▶ **WORK TO BE COMPLETED**
Every line in the data below that includes "Black" belongs in the answer, copied as it stands.

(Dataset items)
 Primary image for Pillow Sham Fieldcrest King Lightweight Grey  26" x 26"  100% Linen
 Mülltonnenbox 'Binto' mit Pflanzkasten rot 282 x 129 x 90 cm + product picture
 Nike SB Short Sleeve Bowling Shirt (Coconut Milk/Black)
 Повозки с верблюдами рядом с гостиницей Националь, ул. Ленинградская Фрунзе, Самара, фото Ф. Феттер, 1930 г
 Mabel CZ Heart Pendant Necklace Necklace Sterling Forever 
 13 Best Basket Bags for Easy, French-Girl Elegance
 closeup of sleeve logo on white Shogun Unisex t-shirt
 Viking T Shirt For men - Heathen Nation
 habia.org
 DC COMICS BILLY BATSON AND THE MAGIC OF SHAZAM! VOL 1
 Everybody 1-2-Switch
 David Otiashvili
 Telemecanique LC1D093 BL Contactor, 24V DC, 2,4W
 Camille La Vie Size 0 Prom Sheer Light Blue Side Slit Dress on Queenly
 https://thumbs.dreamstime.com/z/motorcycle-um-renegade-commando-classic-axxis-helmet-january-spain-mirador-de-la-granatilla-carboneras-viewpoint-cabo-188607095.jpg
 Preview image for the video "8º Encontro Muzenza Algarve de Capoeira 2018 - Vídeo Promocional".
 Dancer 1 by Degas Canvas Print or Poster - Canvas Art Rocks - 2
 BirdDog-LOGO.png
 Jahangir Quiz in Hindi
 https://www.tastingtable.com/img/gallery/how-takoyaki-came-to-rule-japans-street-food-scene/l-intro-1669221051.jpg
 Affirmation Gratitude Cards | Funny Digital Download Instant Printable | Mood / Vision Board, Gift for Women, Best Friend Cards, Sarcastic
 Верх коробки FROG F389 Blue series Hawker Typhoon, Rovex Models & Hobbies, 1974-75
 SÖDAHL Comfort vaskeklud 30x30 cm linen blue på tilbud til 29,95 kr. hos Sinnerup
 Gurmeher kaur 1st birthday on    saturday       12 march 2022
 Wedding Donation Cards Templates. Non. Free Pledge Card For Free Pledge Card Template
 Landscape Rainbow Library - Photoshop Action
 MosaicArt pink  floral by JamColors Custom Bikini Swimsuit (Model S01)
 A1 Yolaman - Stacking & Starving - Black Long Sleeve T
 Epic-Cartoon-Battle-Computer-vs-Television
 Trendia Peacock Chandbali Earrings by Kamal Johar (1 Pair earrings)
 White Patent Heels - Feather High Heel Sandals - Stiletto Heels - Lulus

▶ **EXERCISE RESULT**
 Nike SB Short Sleeve Bowling Shirt (Coconut Milk/Black)
 A1 Yolaman - Stacking & Starving - Black Long Sleeve T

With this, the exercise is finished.